Today I am 30 weeks and 5 days pregnant. Time to get my head straight about a few things I think. Things I know versus things I am scared of.
Things I know
I am having a baby.
I can’t control the birth.
I have lots of lovely friends and family around me.
While two of my previous babies have been SGA, they have both been incredibly healthy after birth.
An SGA baby is not necessarily an IUGR baby.
34 weeks is not that early compared to other premature babies, who survive and thrive.
I am healthy; I do not score highly on many of the risk factors for IUGR at all.
I am in the best hands, with my chosen hospital having specialist units for high risk pregnancies, plus neonatal services that offer specialist services for sick, pre-term babies. Therefore my baby is in the best hands too.
Things I am scared of
I am having a baby!
I want to control the birth. I don’t want another c section. But I am terrified of another trial of labour ending in an emergency c section. I also am scared of refusing a section and baby being poorly as a result.
I have had two previous SGA babies, which puts me at a higher risk of having an IUGR baby, which is what the doctors are concerned with.
Some babies are not diagnosed as IUGR until after birth.
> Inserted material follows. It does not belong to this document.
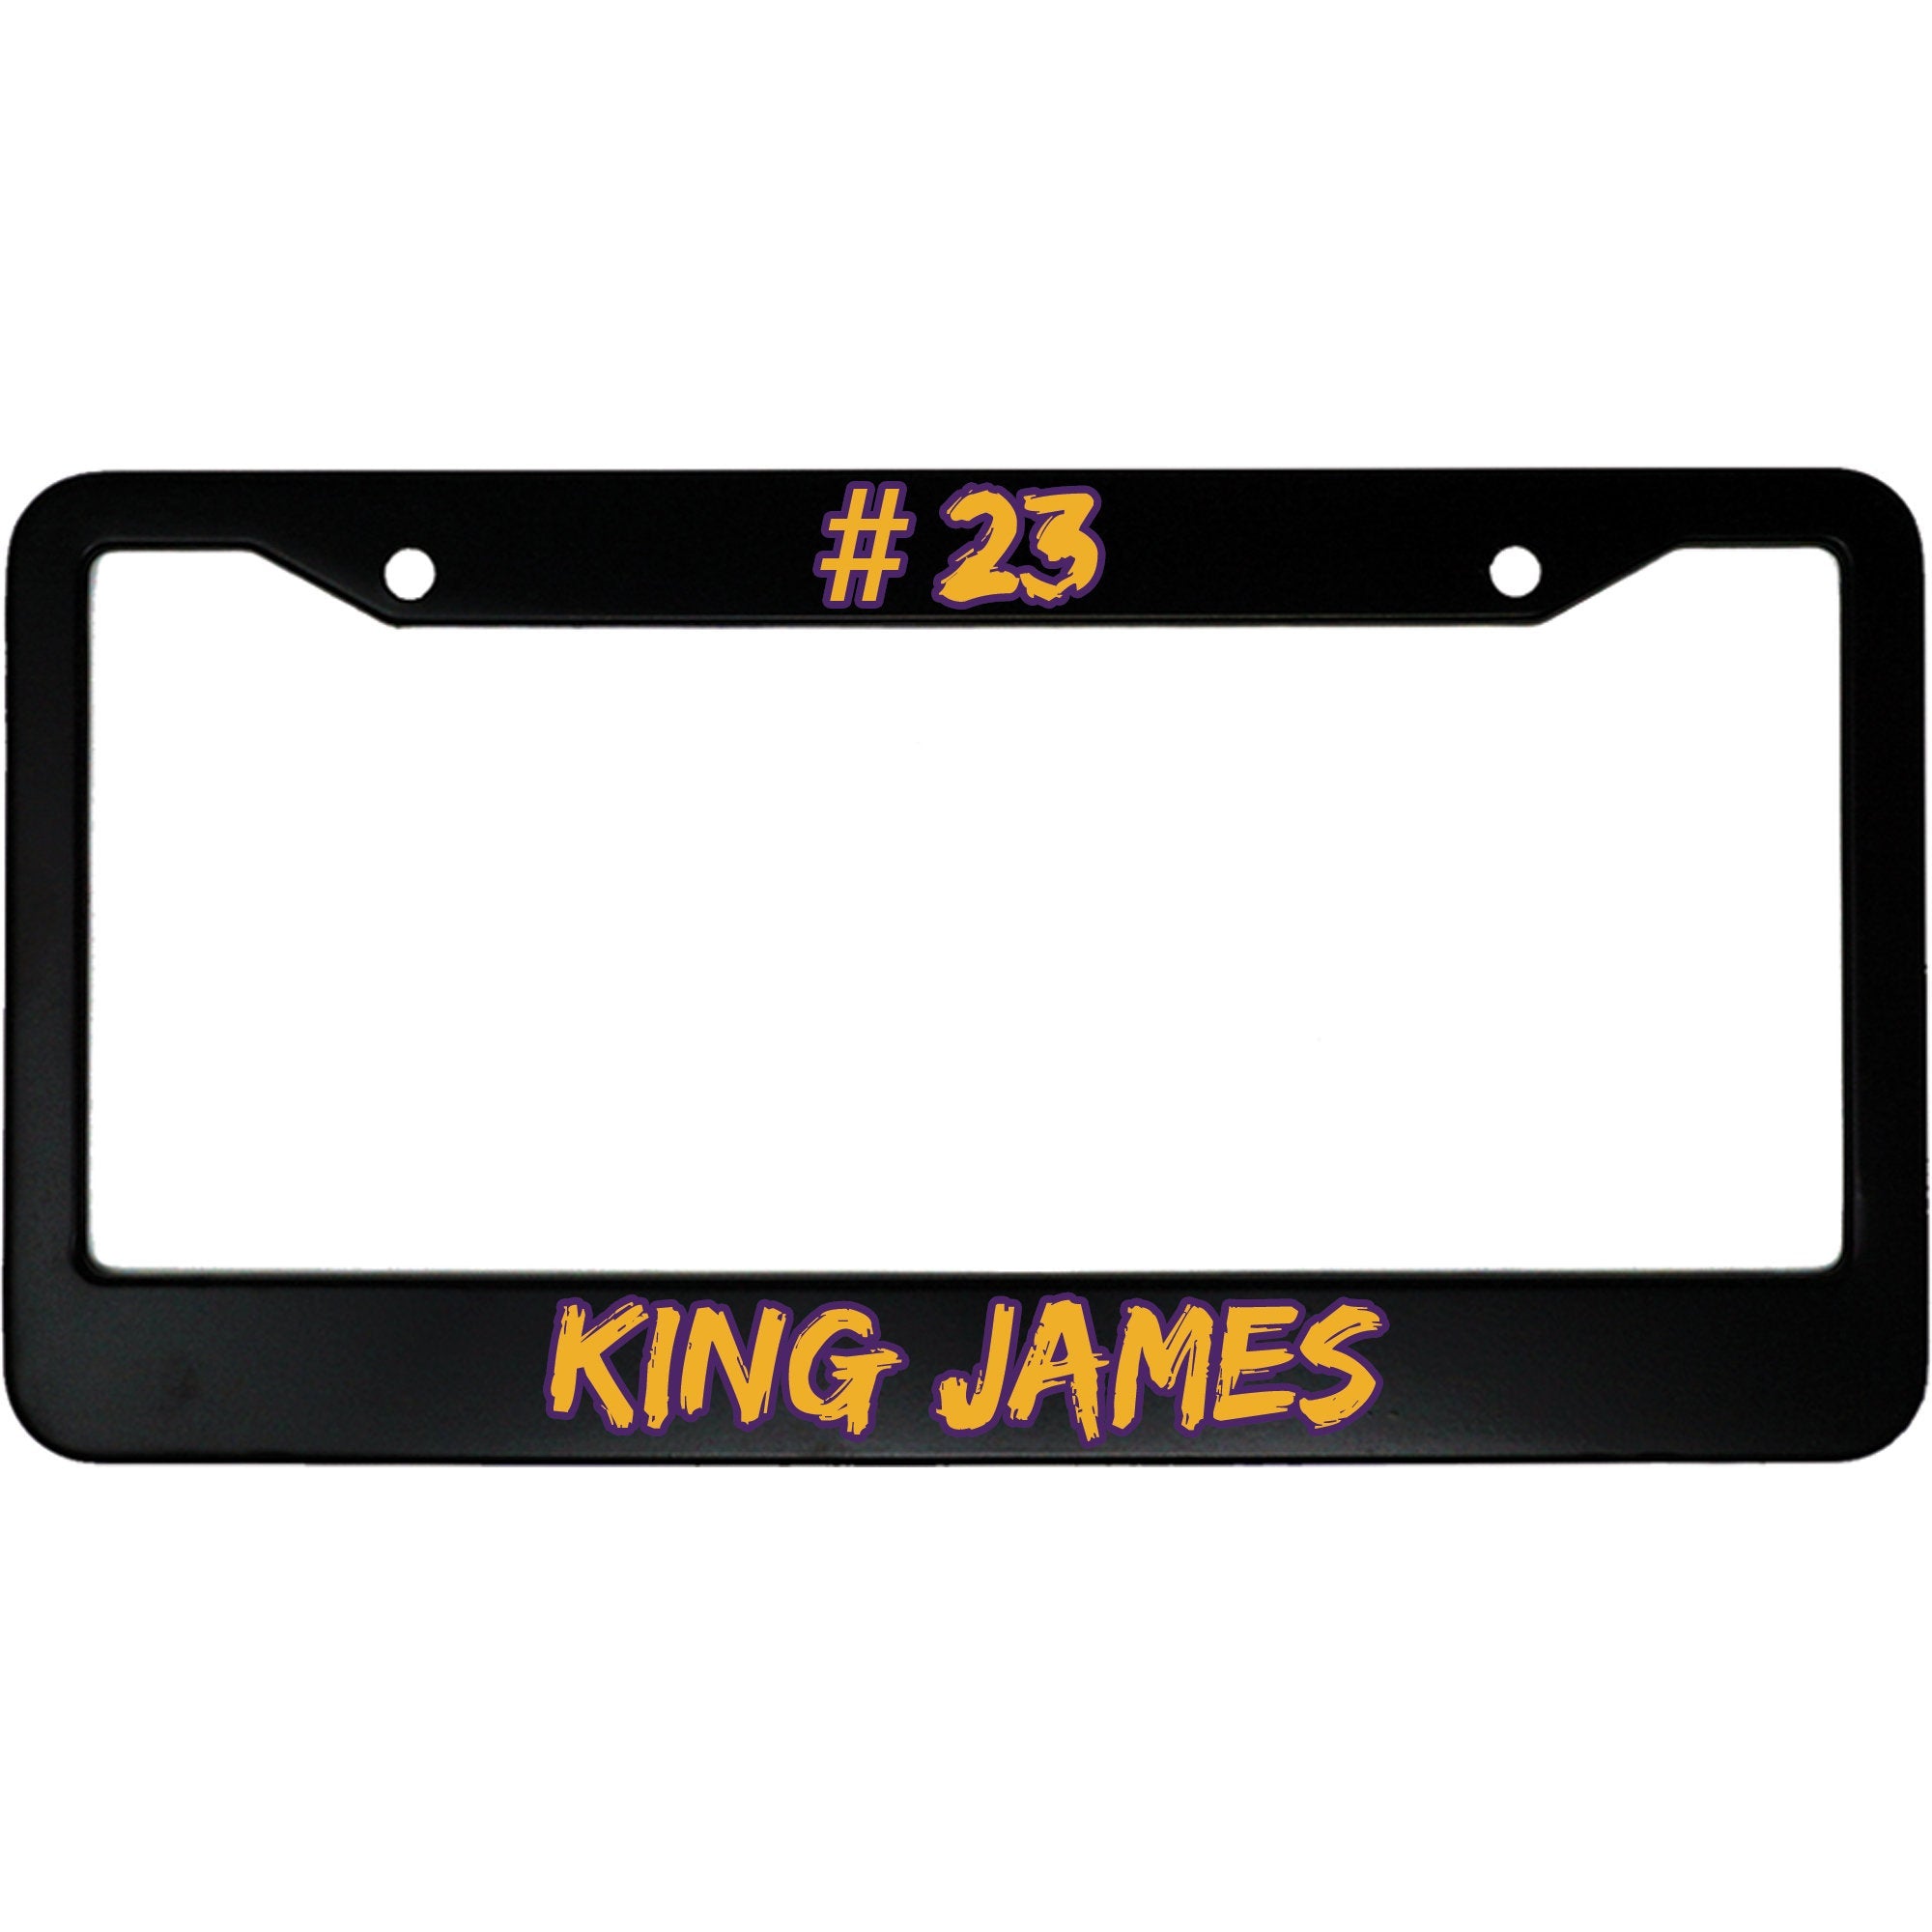 #23 King James

I am scared that they might not diagnose and allow me continue the pregnancy, but there is something wrong after all. I’m scared this won’t be picked up until it is too late.
I don’t score highly on many of the risk factors, but I do score on some. And there is a real chance that my placenta is not functioning very well; this is beyond my control and I wish it wasn’t.
I am in the best hands, and yet the care we’ve had so far feels very disjointed. Incomplete. I see my community midwife at my GP surgery, have scans at one hospital and will give birth in another. I am not sure who to call if the baby doesn’t move, and my midwife can’t take bloods so I haven’t had iron levels tested since booking it at 11 weeks. I have three different triage numbers on my notes and am not sure which hospital I should turn up at if anything happened.
And thus is an insight into the daily arguments I have with myself. On the one hand I truly believe that all is well and they are just being over cautious. And in the next breath I cannot breathe and I think that I need to know NOW what is happening so that I can prepare for the worst. I know that pregnancy hormones do not make things any easier, but I also know that I can’t bury my head in the sand. I need to speak to someone about it all, but can’t until I know more following next week’s scan. And so we wait.
And in the meantime…
The poppyseed is now the size of a butternut squash (perfect for Autumn) and my due date is only nine weeks and two days away. Or, 11 weeks if you consider I normally deliver around 42 weeks! The poppyseed should be over 3lb and putting on half a pound a week now. I truly hope that is the case. The brain is also growing at an alarming rate, with grooves and wrinkles that make it look like a real, grown up brain. Lanugo (the hair that covers the baby’s body) is starting to disappear as baby can now regulate temperature independently.
And me? No sickness- hooray! No back ache, no pelvis pain, no restless leg, no heart burn, no indigestion. I am still doing pilates each day and am back at the pool. I am tired, and I have little appetite but I am well. I am hopeful.